L’ADN synthétique est placé ensuite dans de petites capsules en forme de pilules en acier inoxydable par Imagene SA à Pessac, en France : « nous sommes honorés de contribuer à ce projet grâce à notre technologie de préservation unique qui permet à la Convention relative aux droits de l’enfant de rester lisible et récupérable pendant des siècles et même des millénaires. », déclare Sophie Tuffet, PDG et co-fondatrice d’Imagene SA, et coauteure d’une des premières publications sur le stockage à température ambiante à long terme d’ADN.

Journée mondiale de l’enfant 2019

La Convention relative aux droits de l’enfant est stockée dans l’ADN par l’UNICEF pour en souligner l’importance et faire en sorte que son contenu soit disponible pour les générations à venir : « il y a des enfants dans le monde entier qui ont besoin de la protection qu’offre ce document. Nous encourageons tout le monde à se familiariser avec cette convention, aujourd’hui et à l’avenir « , déclare M. Viken.
À l’occasion de la journée mondiale de l’enfance, le 20 novembre, la Convention relative aux droits de l’enfant sera amenée à Svalbard, en Norvège, pour y être mise en lieu sûr.

Comment stocker des données numériques dans l’ADN

Pour encoder ce document dans des copies de stockage archivistiques dans DNA, les fichiers numériques ont d’abord été convertis à partir du code binaire en utilisant des 0 et des 1 de données numériques en séquences de A, C, T et G par EMBL-EBI. Twist Bioscience a ensuite synthétisé l’ADN en segments courts dans l’ordre indiqué.
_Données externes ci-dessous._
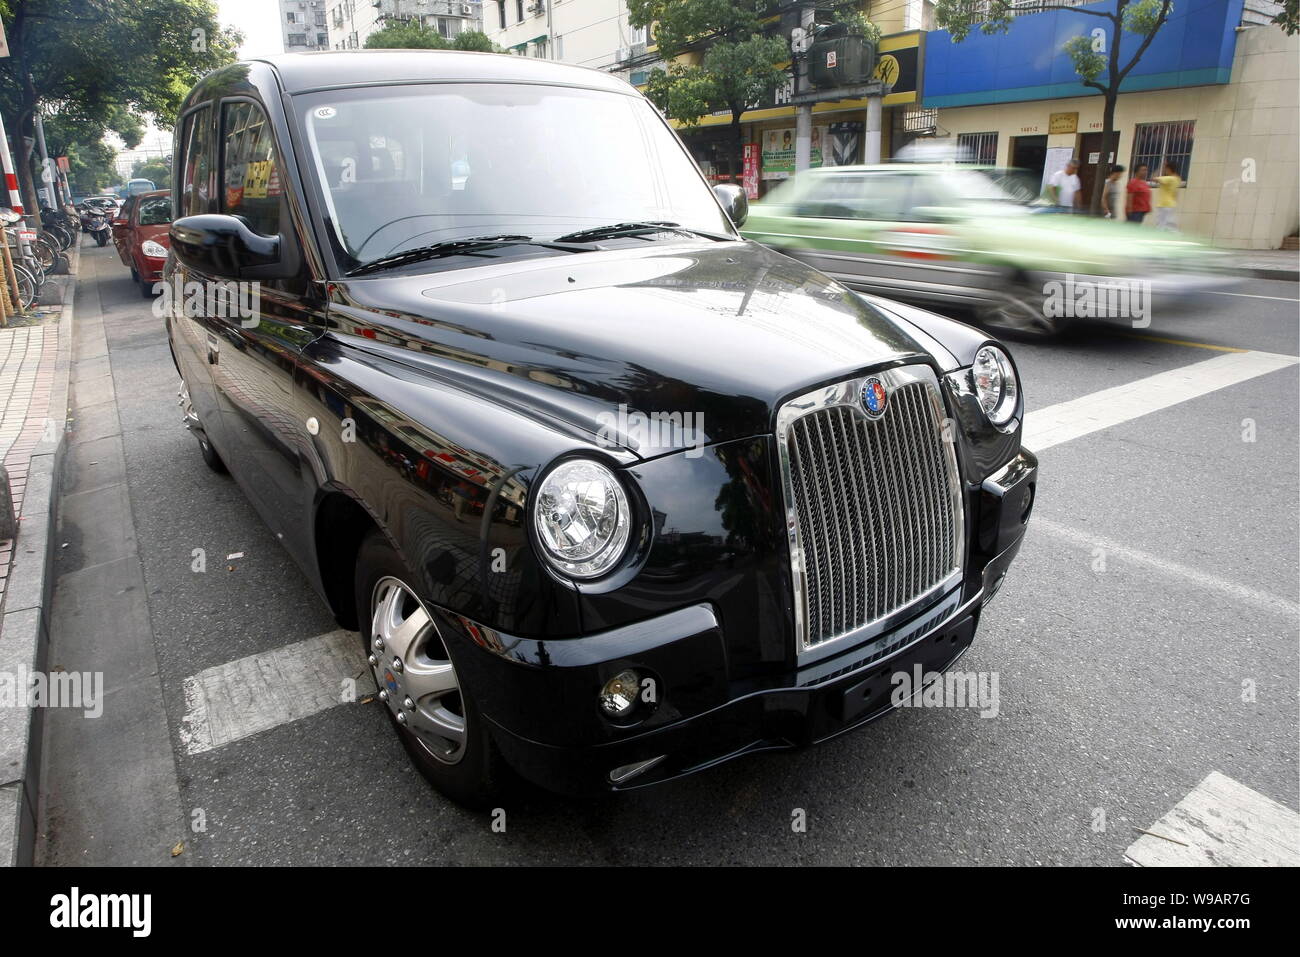 A Geely TX4 is seen in a street in Shanghai, China, July 21, 2010.   Manganese Bronze Holdings Plc, maker of the iconic London black cab, wanted to ti Stock Photo

Les courts segments d’ADN contiennent chacun environ 20 octets de données ainsi qu’un numéro de séquence pour indiquer leur place dans la séquence globale.
Pour s’assurer que ce fichier est stocké avec précision, Twist relit la séquence pour s’assurer d’une précision de 100 %. Enfin, pour stocker ce document pour l’avenir, Imagene SA a placé des copies du document codé en l’ADN dans de petites capsules en acier inoxydable, scellées au laser sous atmosphère inerte, pour une conservation pouvant aller jusqu’à des milliers d’années.